Affordable housing is closer than you think! A bipartisan Senate bill aims to dramatically reduce the cost of manufactured homes by eliminating outdated chassis requirements. This reform could slash $10,000 off the price of a new home, increasing affordability and availability, especially for first-time homebuyers, seniors, and families in rural areas. Learn how this significant housing policy reform could finally make the dream of homeownership a reality

Historic Bipartisan Senate Vote Advances Affordable Housing: The Senate Banking Committee unanimously passed a landmark housing reform bill, marking the most significant federal housing policy update in a decade. This crucial legislation eliminates outdated manufactured home chassis requirements, slashing costs by up to $10,000 per home and boosting affordability amidst a nationwide housing shortage. The reform unlocks opportunities for more affordable housing options, particularly for first-time homebuyers, seniors, and families in rural areas

Housing policy wonks are particularly excited about one long-sought provision that would end a burdensome and outdated requirement that manufactured homes have a permanent steel trailer frame, called a chassis. That requirement adds cost, limits functionality, and isn’t necessary for the transportation of these mostly non-mobile homes that have evolved from trailers.

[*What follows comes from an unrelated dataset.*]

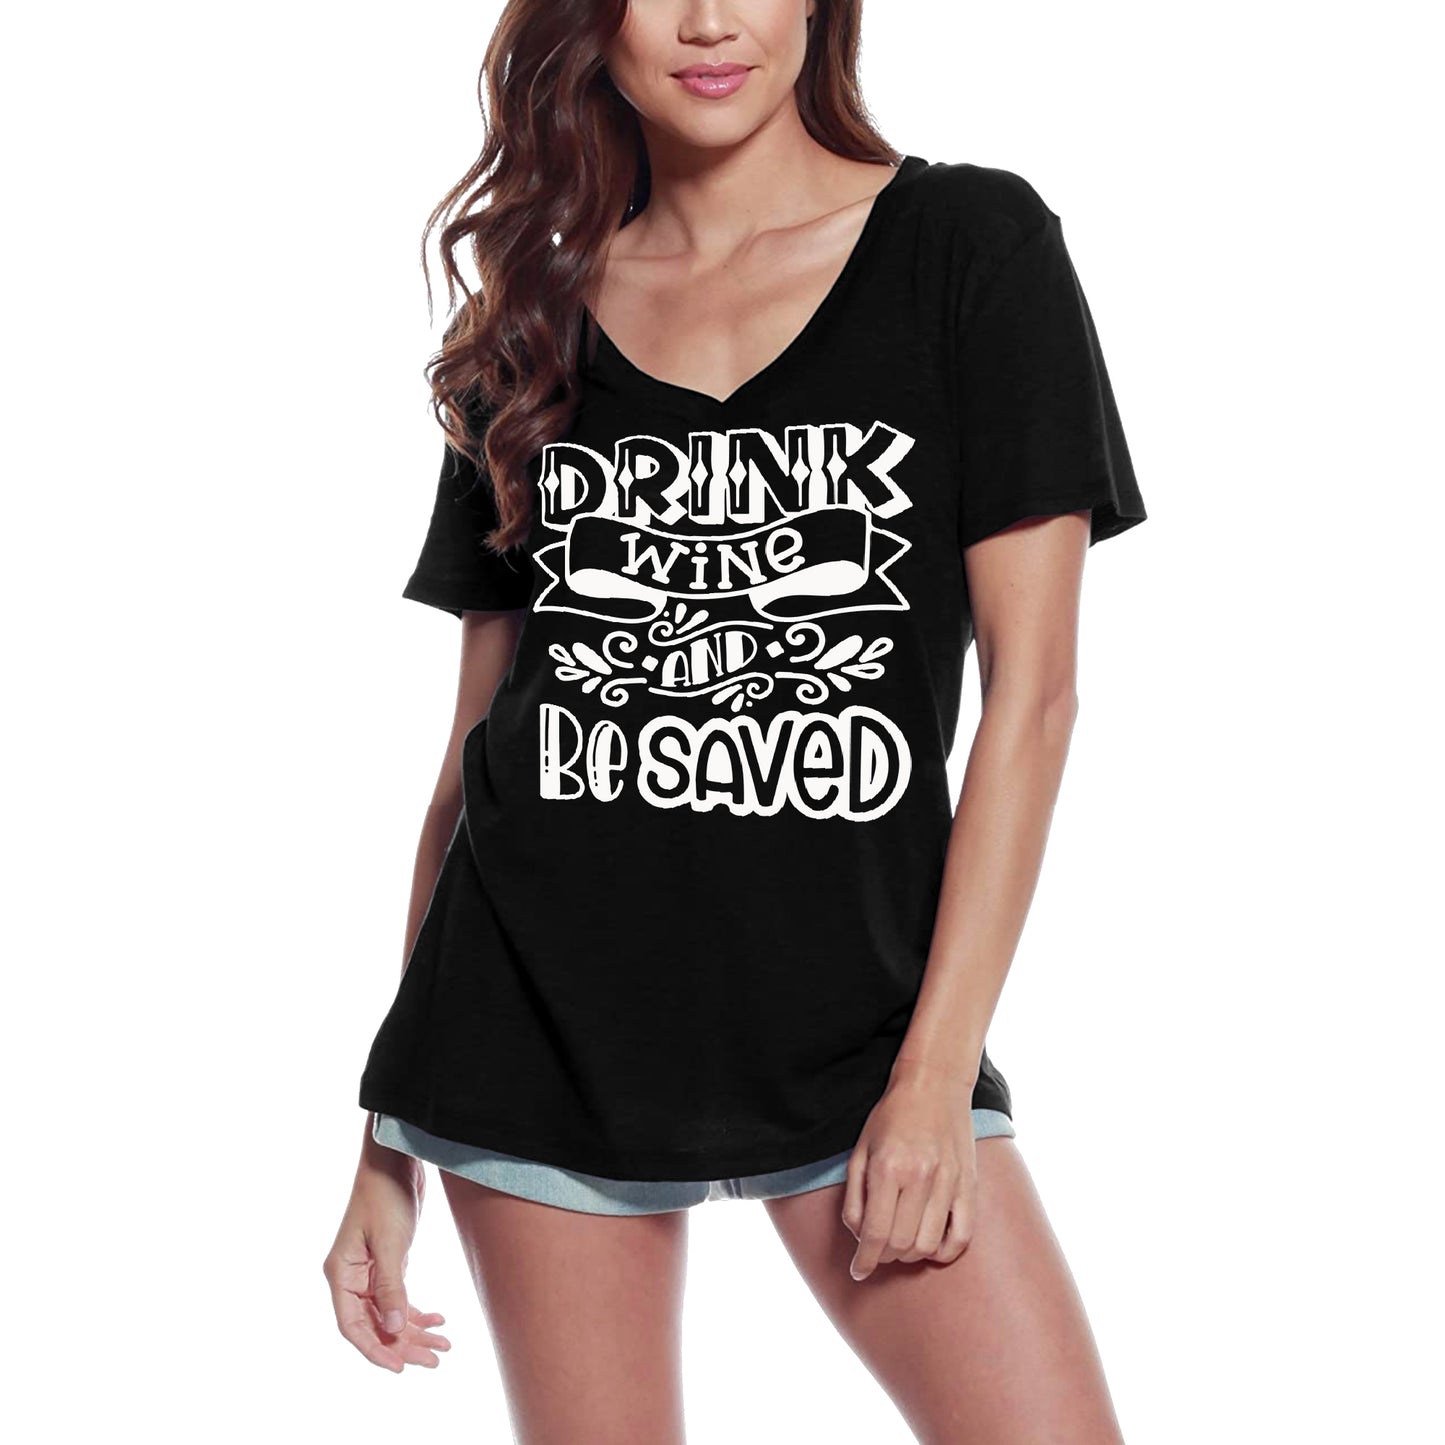 ULTRABASIC Women's T-Shirt Drink Wine and be Saved - Short Sleeve Tee Shirt Tops

As much of the country suffers from a steep housing shortage and affordability crisis, manufactured homes offer some of the most affordable options on the market, particularly in rural and exurban contexts. They’re often starter homes for young families and accessible housing for older people, and they’re increasingly a lucrative, appreciating investment.

Slash Manufactured Home Costs: Senate Votes to Eliminate Outdated Chassis Rule. This bipartisan bill eliminates a 50-year-old requirement for steel chassis in manufactured homes, saving buyers up to $10,000, enabling multi-story construction, and expanding building locations. Industry experts hail this as a major step towards affordable housing solutions

Slashing Manufactured Home Costs: Senate Votes to Eliminate Outdated Chassis Requirements. A bipartisan Senate bill promises to dramatically reduce the price of manufactured homes by eliminating unnecessary steel chassis requirements. This reform could instantly cut $10,000 – a 10% reduction – from the cost of a typical home, making homeownership more attainable for countless families. This significant cost savings represents an unprecedented opportunity to address the nation's housing affordability crisis

Bipartisan Senate bill poised to slash manufactured home costs: The Senate is set to pass a landmark housing reform package eliminating outdated chassis requirements, potentially saving homebuyers up to $10,000. This crucial step towards affordable housing awaits House approval to become law, significantly impacting the affordability crisis and boosting the manufactured housing market

Ending the chassis requirement would mean “there’s a little bit more room for innovation in what could be built, and less wasted steel, and lower cost, ultimately, to build the things,” said Sean Roberts, CEO of Villa Homes, which builds manufactured housing in California and Colorado. “It’s arguably better for the environment, as well, because you’re using timber frame construction rather than steel.”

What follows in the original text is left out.